Nita sprinted through another few decks until
she finally scrambled onto the main deck. The ship was moving at
quite a clip, the chilly wind billowing Nita’s pajamas and sending
a brisk breeze through some very unwelcome areas. There wasn’t much
to see, as the ship was just emerging from a cloud bank and most of
the view of the sea far below was blotted out in a field of cottony
white plumes. Gunner, who had been on night watch, was already
manning the spike gun mounted to the port railing. With a
stuttering bark, it sent a string of finger-sized nails—called
“fléchettes”—whistling through the air at a distant two-man airship
screaming toward them out of the clouds.

“Gunner, I swear, you keep wasting ammunition
on them things when they’re so far off and it’ll be Lil on mounted
guns instead of you,” growled the captain as he spun the wheel hard
to put the attacker in better position for return fire.

“I’m ready for it, Cap’n,” Lil said, popping
out onto the deck with a rifle in hand.

Coop clumsily crawled up after her. “How many
we lookin’ at, Cap’n?”

“I’ve got one on port,” Gunner said, firing
another string of nails with a grin. “But not for much longer.”

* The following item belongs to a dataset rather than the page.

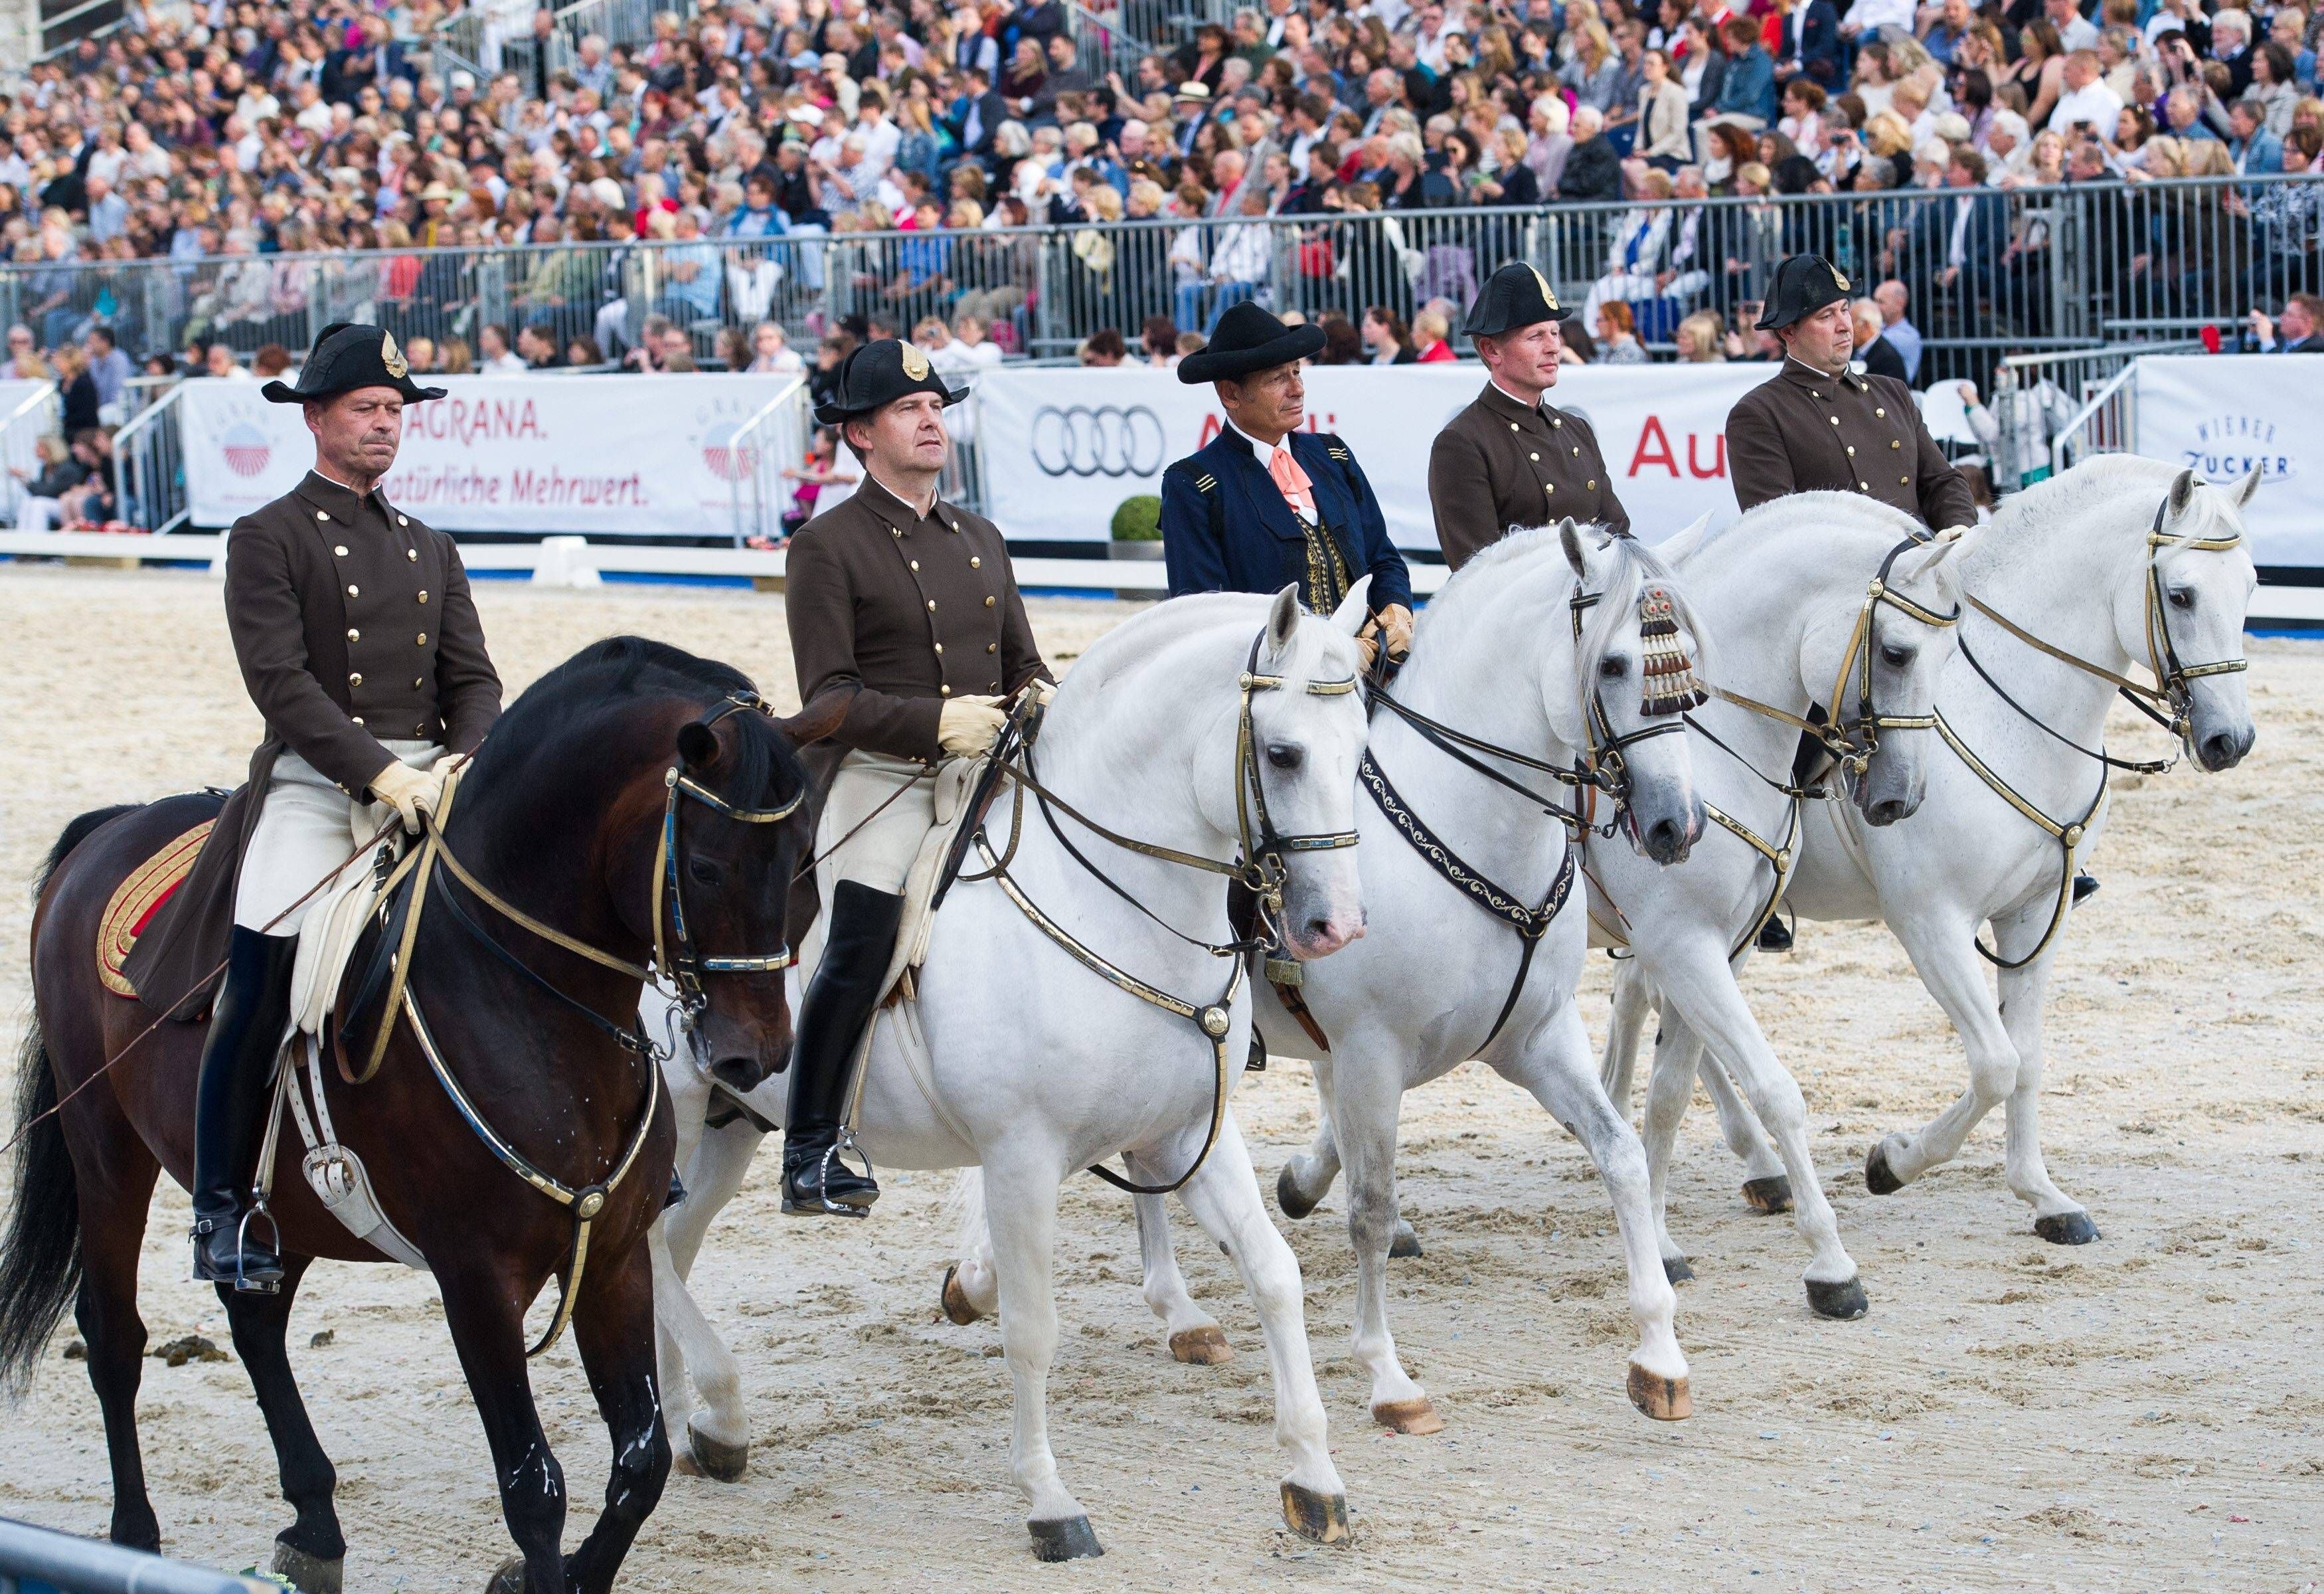 Vorführung&nbsp; der weltberühmten Lipizzaner Pferde der spanischen Hofreitschule.

“Sounds like one more,” Nita called. “I can’t
tell if it is above us or below us.”

There was the distinctive thump of darts
biting into the thick fabric of the envelope, then a metallic
screech and a hard jolt as the ship twisted under an unbalanced
engine load.

“That’ll be above us then,” the captain said.
“Nita!”

“I’m on it!” Nita said.

“I’ll go with her. If that’s where the wailer
is, she’ll need cover,” Lil said.

Nita pulled open a large wooden case tucked
beneath the railing of the deck and snagged a pack that was within.
In one smooth motion she swung it across her back and grasped the
nearest rigging, hauling herself quickly up. Lil slung her rifle
behind her and darted up another section of rigging. As much
practice as she’d had in the last few months climbing up and down
the ropes that held and stabilized the massive gas envelope that
kept the ship aloft, Nita could never seem to match the nimbleness
of the sprightly young deckhand. The girl must have been part
squirrel and part lunatic.

“Hold tight, hard turn to port!” bellowed the
captain.

The lines in Nita’s hands groaned under the
stress of the sudden turn, and the deck dangling below suddenly
swung out from beneath her. She held tight and tried not to look at
the waves a few hundred yards below her, which of course had chosen
that moment to peek at her through the thinning clouds. Nita wasn’t
precisely afraid of heights anymore. That much had been trained out
of her fairly quickly as a result of spending so much time among
the clouds. She did sometimes suffer from an acute
awareness
of heights, however. Fortunately when there was a job to be done,
it typically managed to be the first thing on her mind. That was
because being the engineer on an airship meant a job that needed to
be done would usually send them plummeting into the sea if she
didn’t get to it quickly. When the ship swung back and stabilized
in its new course, Nita continued up. The stretch of rigging they’d
selected brought her to the envelope about midway between the
turbines and the envelope’s rear fins, which made for a very windy
climb whenever she was directly behind one of the turbines.
Nevertheless, she preferred it to being in front of them, since the
thought of getting blown away from the spinning blades was
marginally more pleasant than the thought of being pulled toward
them.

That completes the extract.